Considérons, à titre d’exemple, la résistance du maïs à un herbicide total le Round up (matière active : glyphosate), proposée par la société Monsanto USA, inventeur du produit.

Le maïs est désherbé de façon sélective par un produit herbicide : l’atrazine (et ses dérivés). Ce produit a également été utilisé comme désherbant total sur d’autres cultures (fruitiers, vignes…).

La capacité de résistance du maïs à l’atrazine est due à un système de détoxication impliquant le gène de la gluthation-S-transférase.

Cette situation est intéressante car, bien que naturelle, elle mime les situations qui résultent des transfert de gènes de résistance.

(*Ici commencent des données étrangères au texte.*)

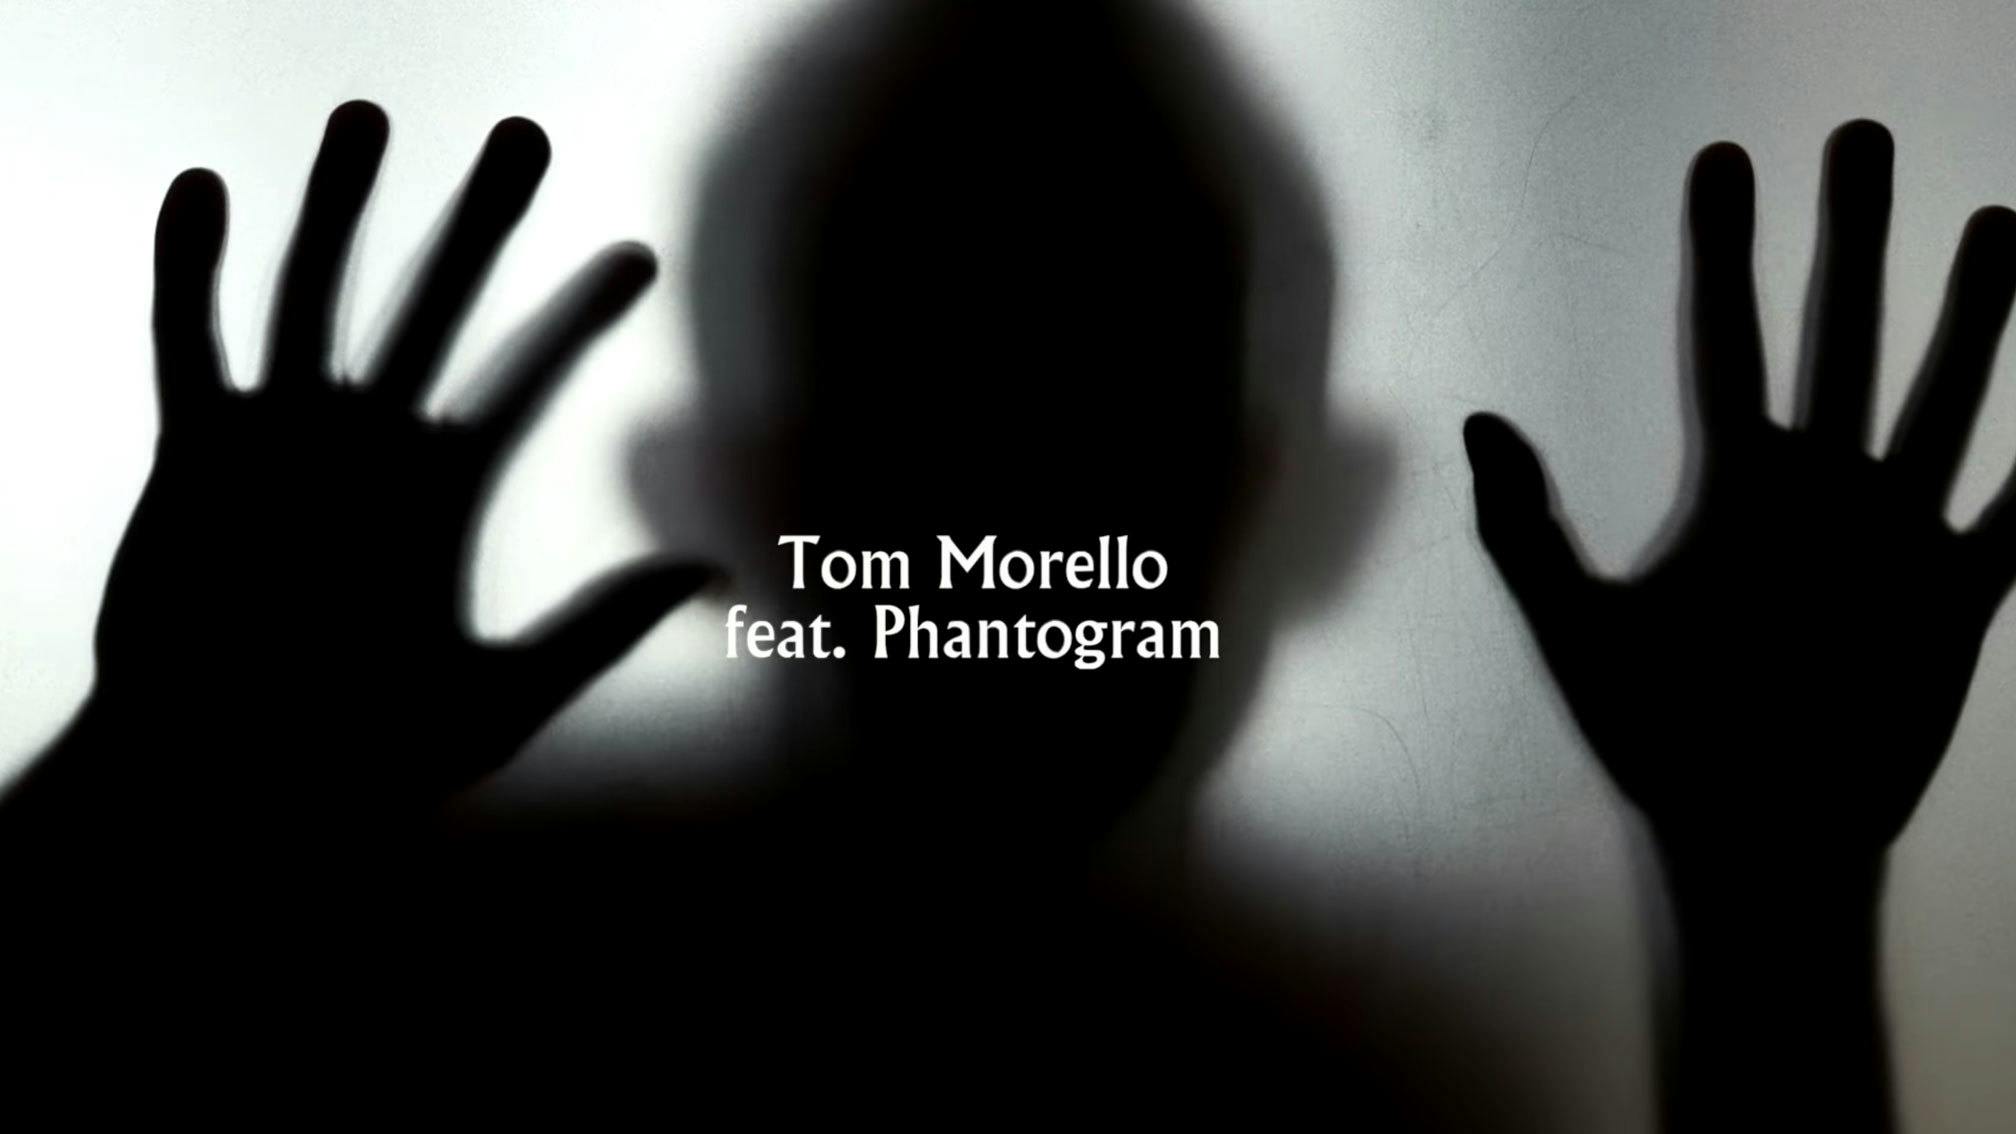 Tom Morello shares "creepy as hell" new song, Driving To Texas

En dépit de l’utilisation répétée de l’atrazine dans le monde entier et depuis plus de quarante ans, et le gène du maïs n’a jamais été transféré à d’autres plantes !

Cependant, cette utilisation a conduit à la sélection de plantes résistantes à l’atrazine, dans pratiquement toutes les familles botaniques (la mutation de résistance concerne dans tous les cas la cible de l’herbicide, une protéine chloroplastique transporteur d’électrons). L’utilisation de l’atrazine se heurte aujourd’hui à deux difficultés, d’une part son inefficacité, du fait des mutations de résistance amplifiées dans les populations de plantes adventices, qui impose de l’utiliser en mélange avec d’autres produits, et, d’autre part, la relative résistance de la molécule d’atrazine qui, non fixée dans les couches superficielles du sol, lui permet d’être entraînée par lessivage pour s’accumuler dans les nappes phréatiques. Ces deux problèmes conduisent aujourd’hui à l’interdiction de l’usage de l’atrazine dans de nombreux pays.

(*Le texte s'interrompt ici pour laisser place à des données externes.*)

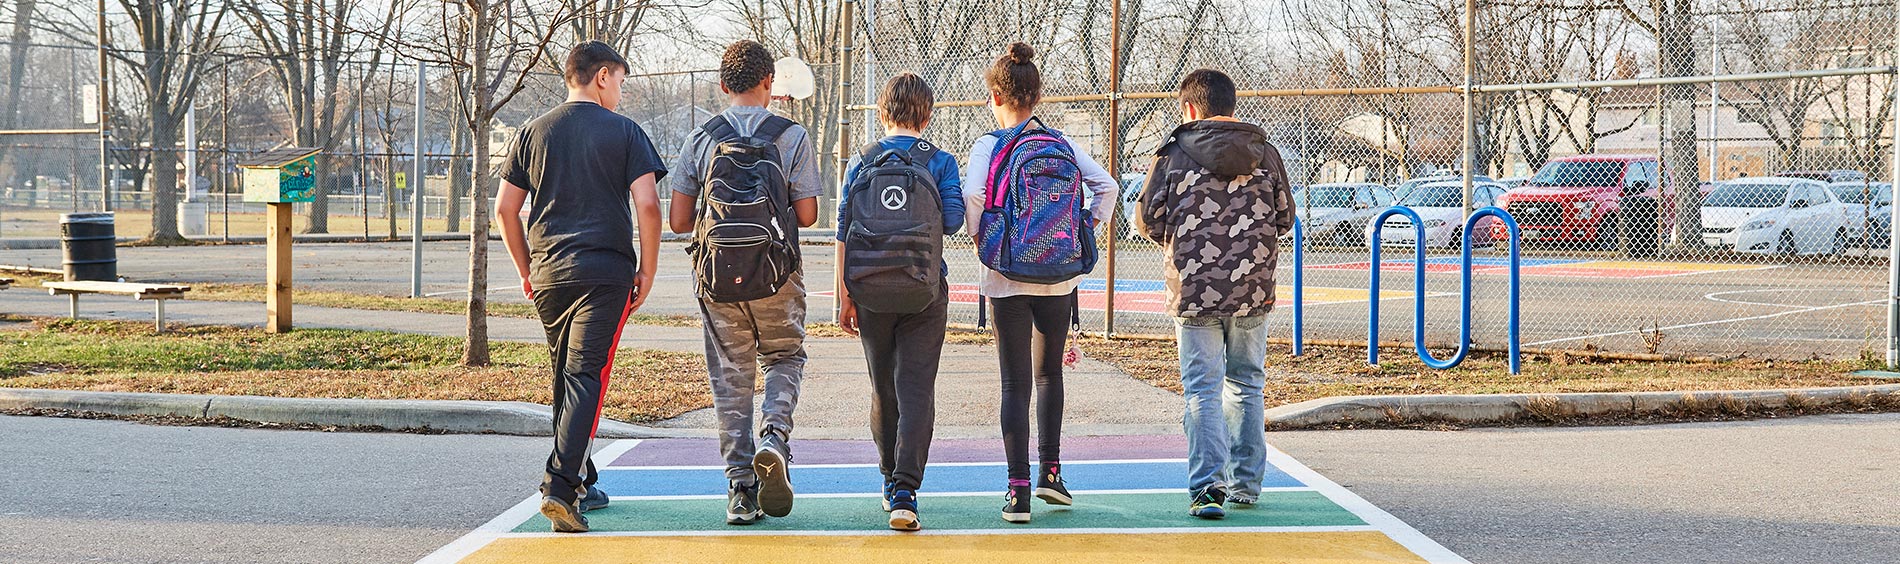 teens walking together with backpacks

La solution proposée par Monsanto est de transférer au maïs des gènes de bactéries du sol capables de dégrader le glyphosate, ce qui permettrait d’apporter une solution propre au problème du désherbage des cultures de maïs. Sous réserve des vérifications agronomiques à grande échelle, on peut avancer que le désherbage du maïs par le glyphosate constitue un réel progrès non seulement pour les agriculteurs, mais aussi pour la collectivité puisque le glyphosate, utilisé dans le monde entier comme herbicide total, est connu pour sa très faible toxicité et surtout pour être très rapidement dégradé par les bactéries du sol. Ce produit ne présente donc pas les défauts de l’atrazine.

Enfin, s’agissant de maïs, les gènes de résistance ne risquent pas d’être transmis à d’autres plantes, le maïs ne se croisant qu’avec du maïs. Cependant, cette solution ne vaut que pour les plantes d’origine tropicales cultivées en région tempérée et non successivement sur les mêmes parcelles.

Par contre, la création de résistances aux herbicides totaux par transfert des gènes de résistance aux plantes des régions tempérées, et surtout leur utilisation généralisée, s’analysent différemment. En effet, les graines de ces plantes possèdent des mécanismes de dormance qui leur permettent de résister plusieurs années (10, 20 ans, et même davantage pour les graines de betteraves) une fois enfouies dans le sol. Mais surtout, malgré la sélection, ces espèces cultivées n’ont pas assez divergé de leur consoeurs restées " sauvages ", et sont souvent restées capables de se croiser entre elles. Si ces échanges entre cousines éloignées 0– cultivées/non cultivées – ne constituent pas des nouveautés ou des problèmes pour de très nombreux caractères sélectionnés par l’homme, ces échanges génèrent des difficultés de désherbage. Il est déjà, par exemple, très difficile d’éliminer les betteraves sauvages dans un champ de betteraves cultivées. Dans ces conditions, un examen plus approfondi des comportements biologiques de ces plantes (fréquences des croisements, fréquences des hybrides fertiles, fréquences des transferts de gènes à l’espèce sauvage) semble s’imposer avant tout autorisation d’essai en vraie grandeur, voire de mise sur le marché.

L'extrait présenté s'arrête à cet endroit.